Dissolution and Liquidation

Dissolution Triggers:

  • Mutual agreement of all partners
  • Expiry of agreed term
  • Partner withdrawal (unless continuation clause exists)
  • Death or incapacity of a partner
  • Court order in special circumstances

Liquidation Process:

  • Asset valuation and debt settlement
  • Distribution according to partnership agreement
  • Commercial Register deletion
  • Final tax declarations

Expert Tips for Success

1. Comprehensive Partnership Agreement:

  • Define profit and loss distribution clearly
  • Include decision-making procedures
  • Plan for partner withdrawal scenarios
  • Specify management responsibilities

2. Risk Management:

  • Adequate insurance coverage essential
  • Regular financial monitoring
  • Clear separation of business and private assets
  • Professional legal and tax advice

3. Operational Excellence:

  • Establish clear roles and responsibilities
  • Implement proper accounting systems
  • Regular partner meetings and communication
  • Professional business management practices

Conclusion

The general partnership is suitable for small to medium-sized businesses with multiple owners seeking a simple and cost-effective legal form.

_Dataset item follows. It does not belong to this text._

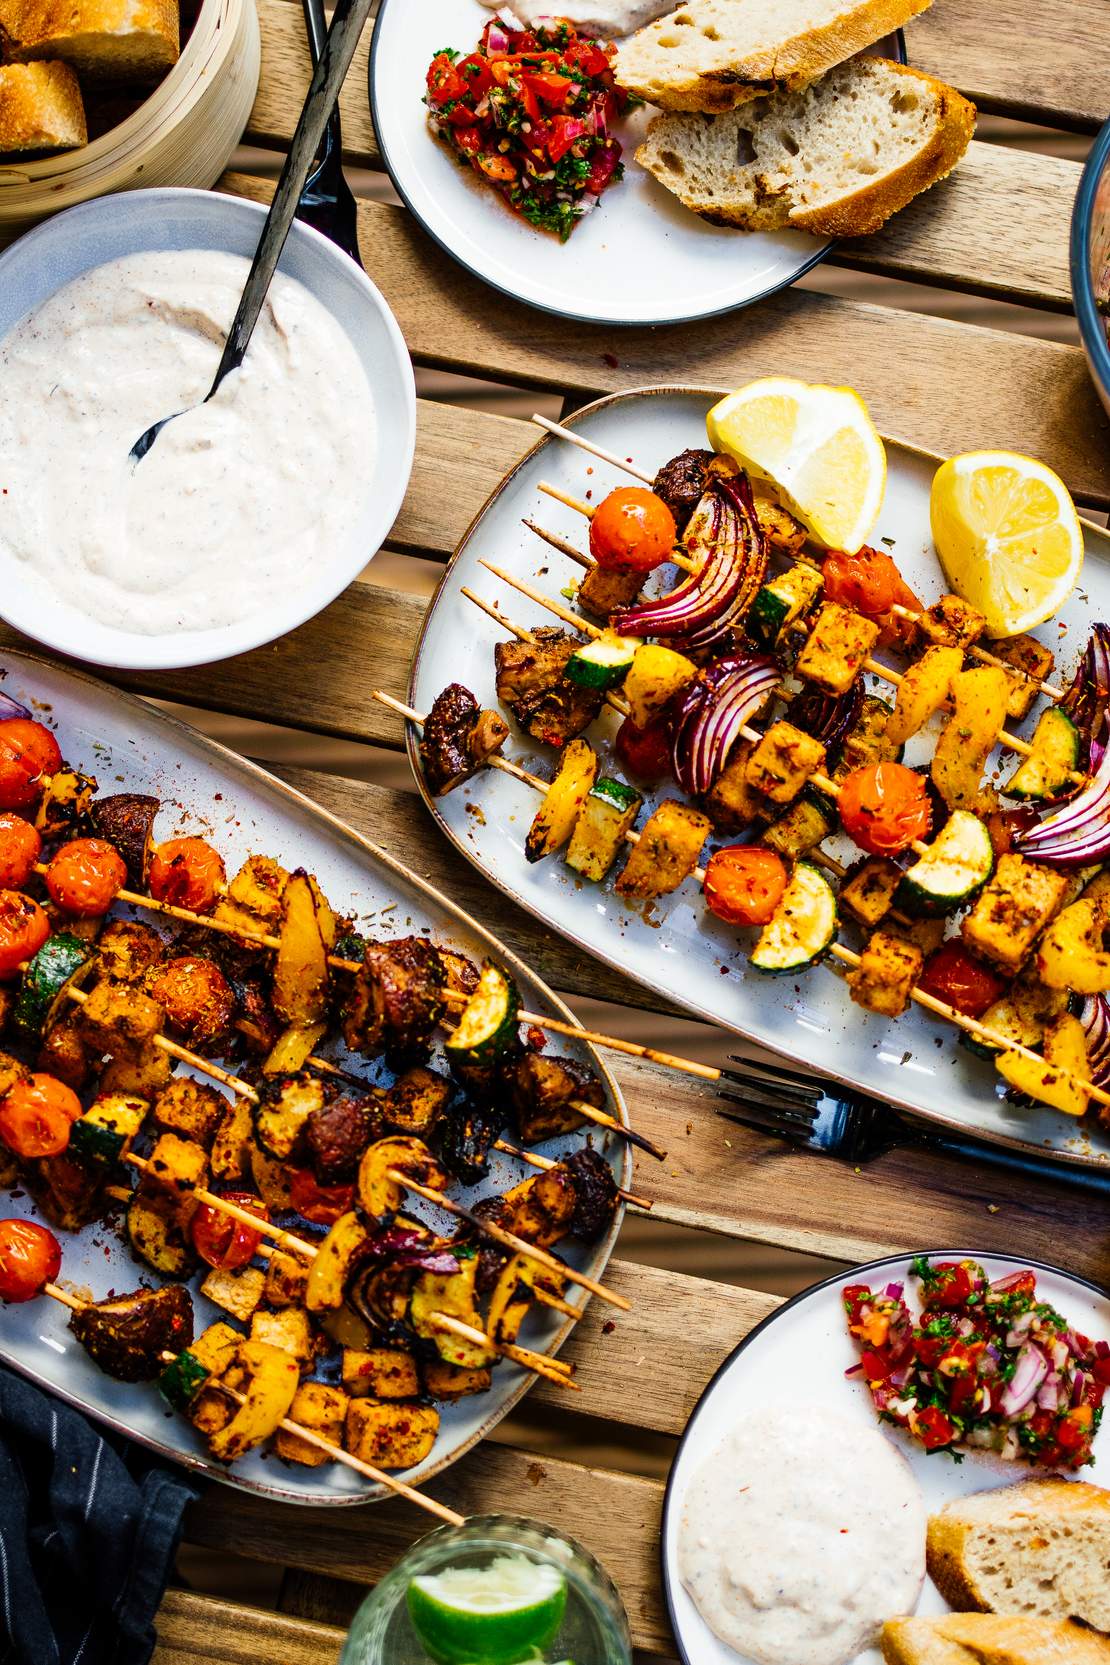 R651 Spicy vegan Tofu Skewers from the Grill

However, unlimited liability requires careful consideration and appropriate insurance coverage.

Key Success Factors:

  • Compatible partners with complementary skills
  • Clear agreements on roles and profit sharing
  • Adequate insurance protection against liability risks
  • Professional business management and accounting

Recommendation:

Consult with a specialist before formation to choose the optimal legal form for your venture. Consider the long-term implications of unlimited liability and ensure all partners understand their responsibilities and risks.

The general partnership remains a viable option for traditional businesses where personal involvement and simple management structures are valued over limited liability protection.